We will read Thoreau and Emerson’s Transcendentalist claims about the natural world
and then look at early twentieth century writers who described the western mountains,
prairies, and California desert; we will read later 20thc authors concerned about
wilderness loss or management, toxicity, concepts of sustainability, and the dependence
of the human on the non-human world. You will do short written analyses of texts, a
final exam, and a creative final research project.

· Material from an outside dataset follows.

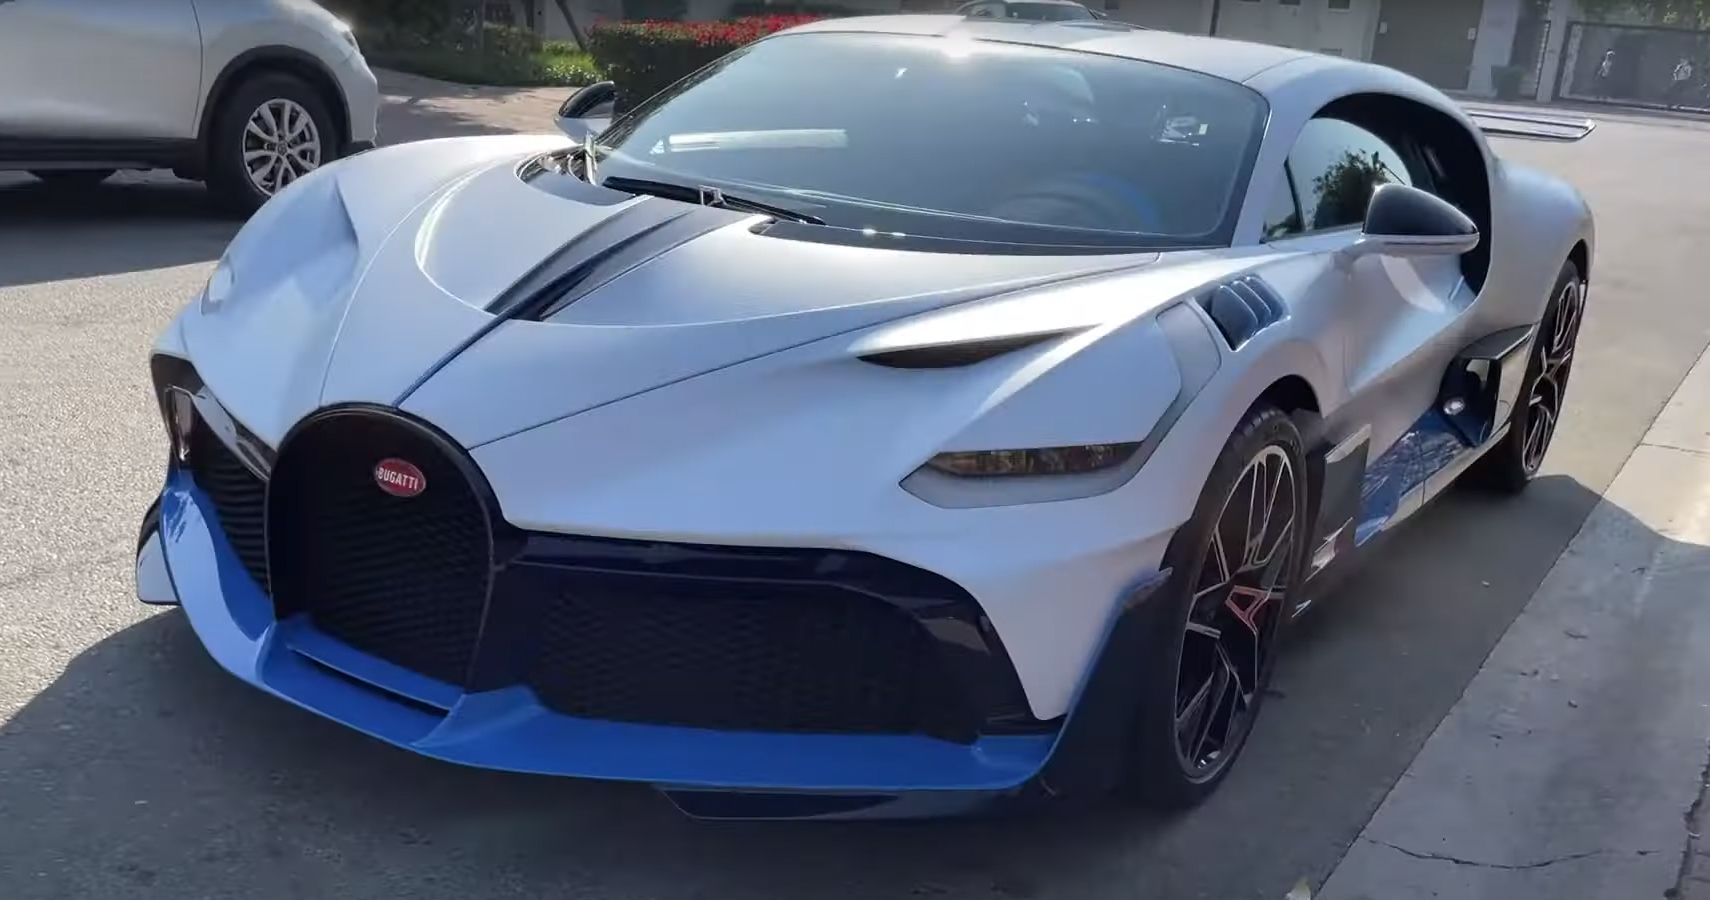 Blue and white Bugatti Divo parked on city street

Course Texts (all books available at Shaman Drum Bookshop, 313 S. State, 2nd Fl.):
John Muir, The Mountains of California
Mary Austin, Land of Little Rain
Aldo Leopold, The Sand County Almanac
Willa Cather, My Antonia
William Faulkner, Three Famous Short Novels
Leslie Marmon Silko, Ceremony
Carolyn Merchant, The Columbia Guide to American Environmental History
Part I of coursepack at Accu-copy on William Street; I will let you know when Part II is
ready.
Course Requirements:
Reading: Come to every class with reading fully digested. Because this is partly a
discussion-oriented course, you will be best prepared to participate if you have already
formulated a small group of questions in your mind, and flagged a few passages in the
text that will help us address your question. We will perhaps break down into smaller
group discussions in class.
Attendance: More than two unexcused absences will affect your grade. Please contact
me before class by email when an emergency arises, and please bring in doctor’s notices
for illness.
Office Hours: I will expect to see all students at least twice in office hours. I can
schedule extra times if you can’t make my tuesday 1:30-3pm hours.

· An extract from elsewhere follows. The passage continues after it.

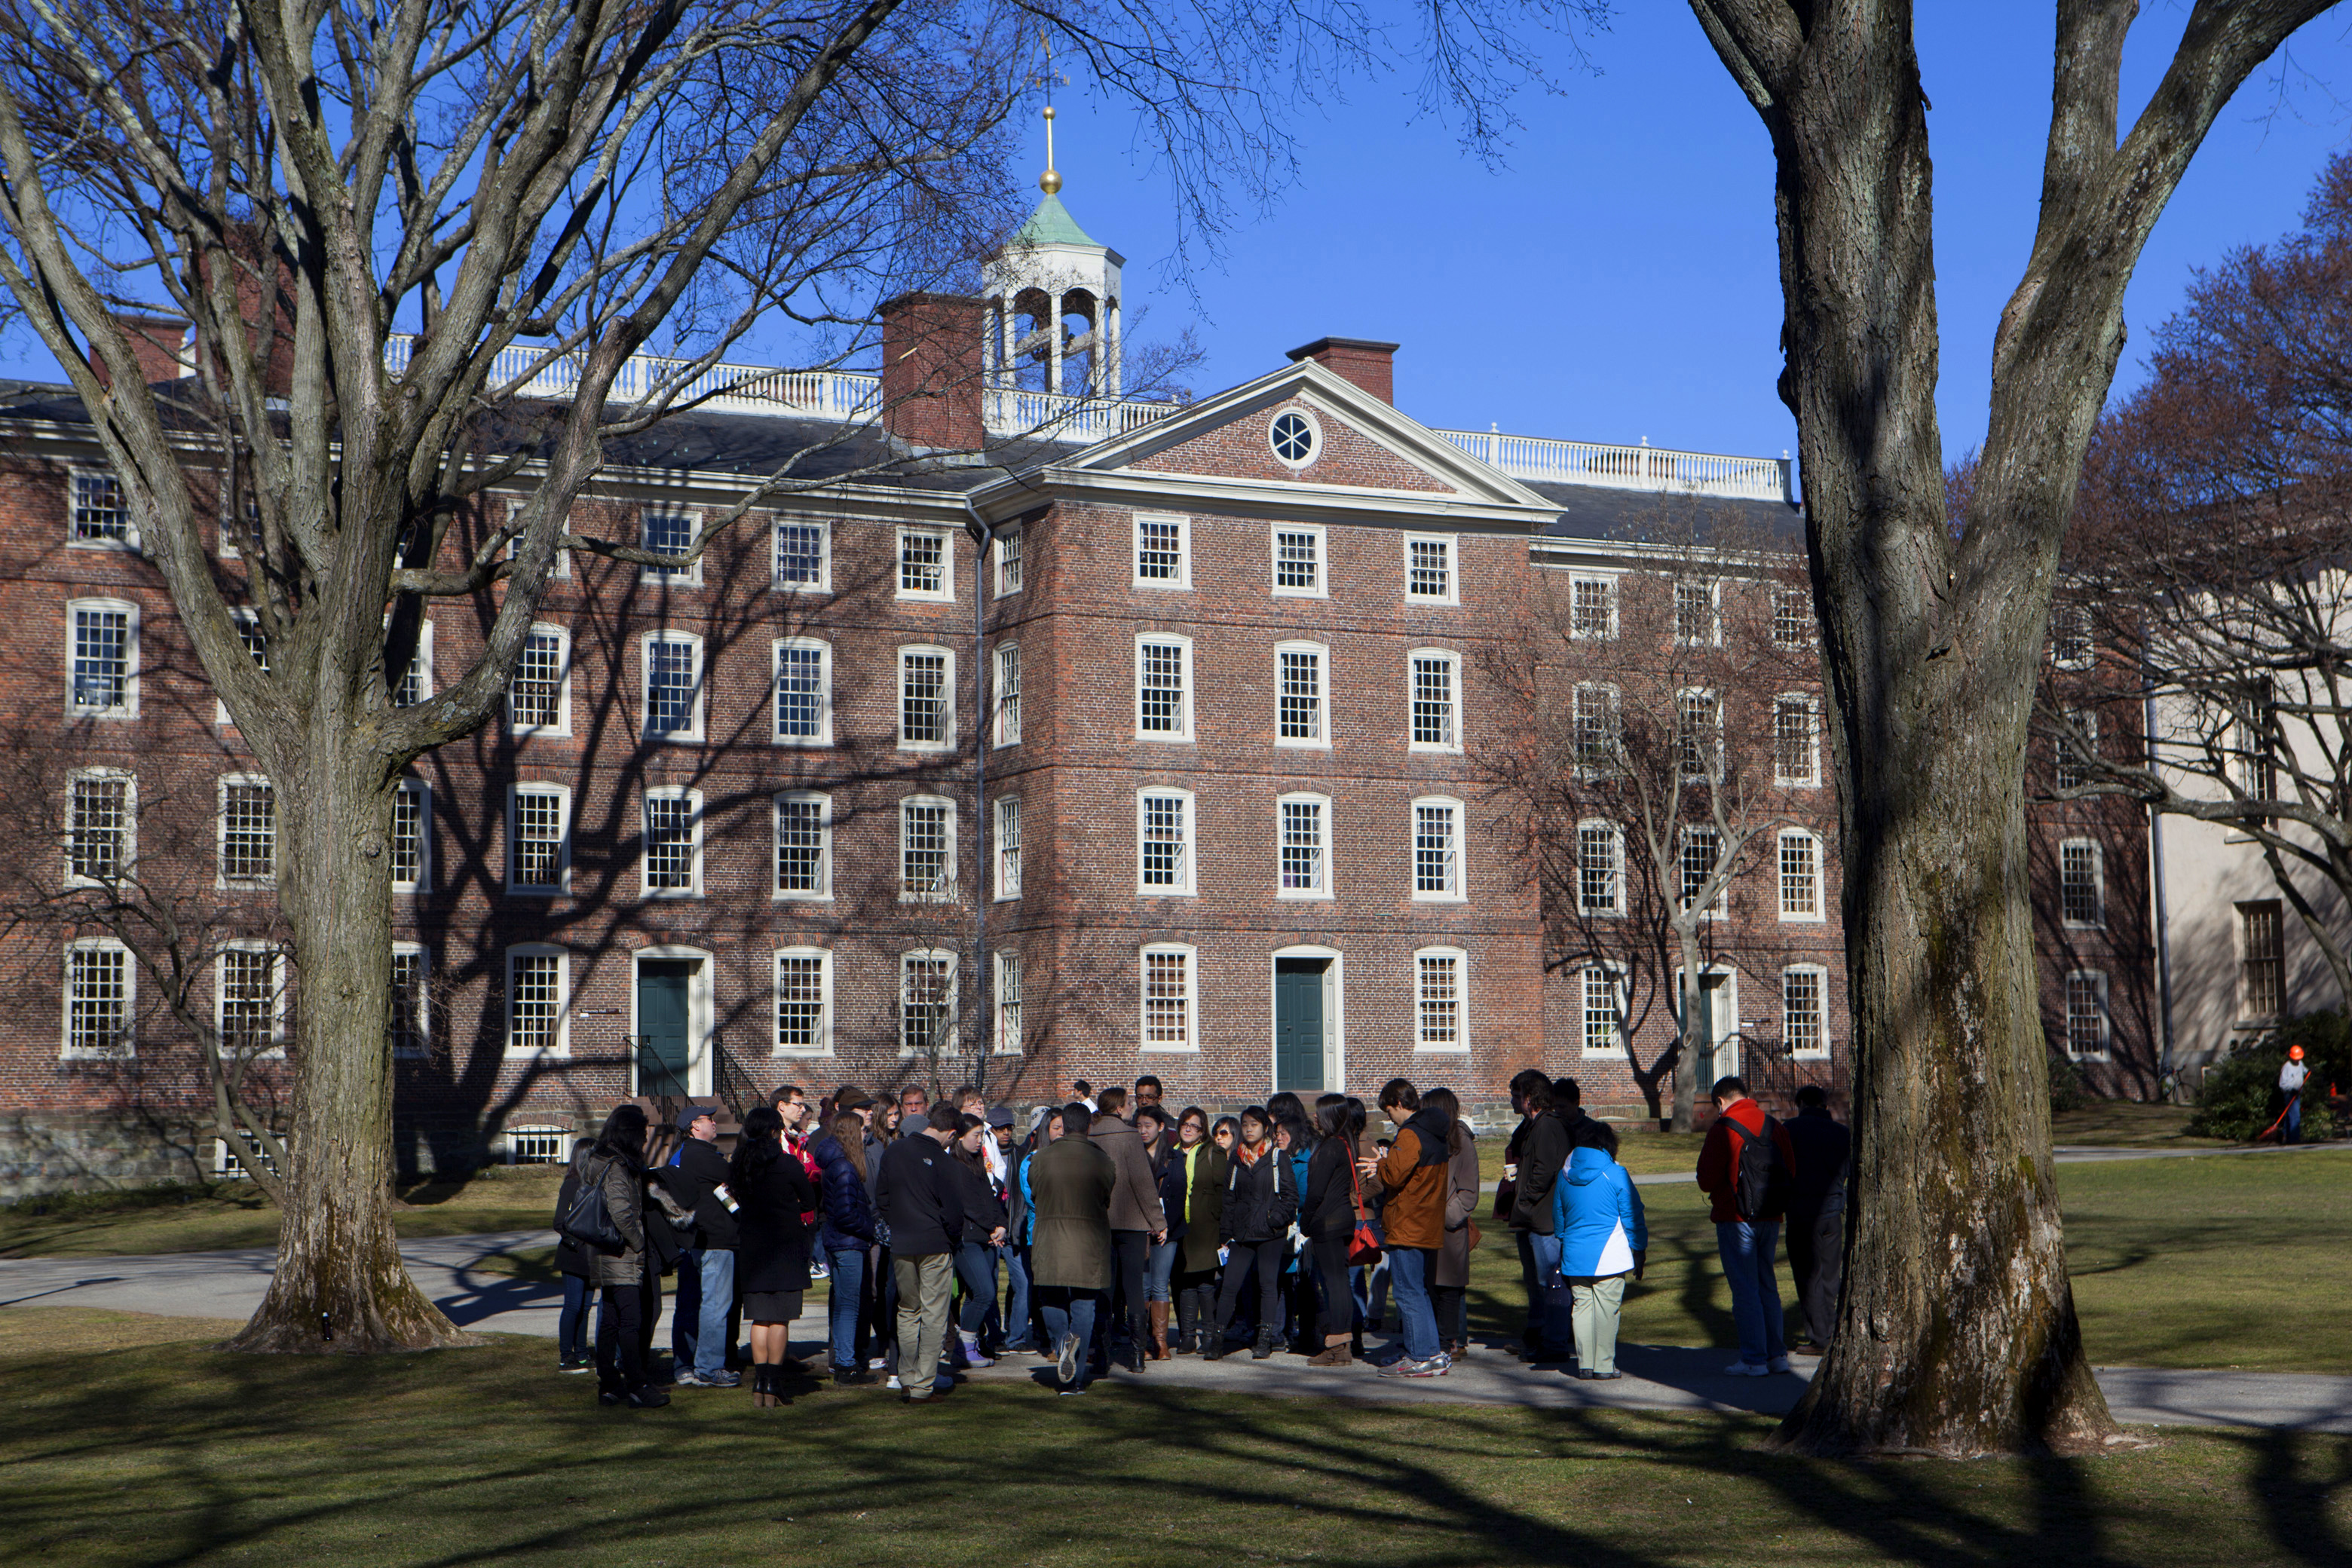 Thousands welcomed: With four tours and two information sessions offered daily Monday through Friday, and three additional tours on Saturdays, the average tour size was around 200 people.

In-class writing assignments: Three times in the early part of the term, I will take 30
minutes of our class time to have you respond to a passage from the reading that you will
have finished for that day. You will be asked to do a close reading of the passage in
which you remark upon and analyze various elements of the text: the form/style (sound,
diction, imagery, sentence or line structure), the meaning, how the passage develops or
anticipate other moments in the narrative.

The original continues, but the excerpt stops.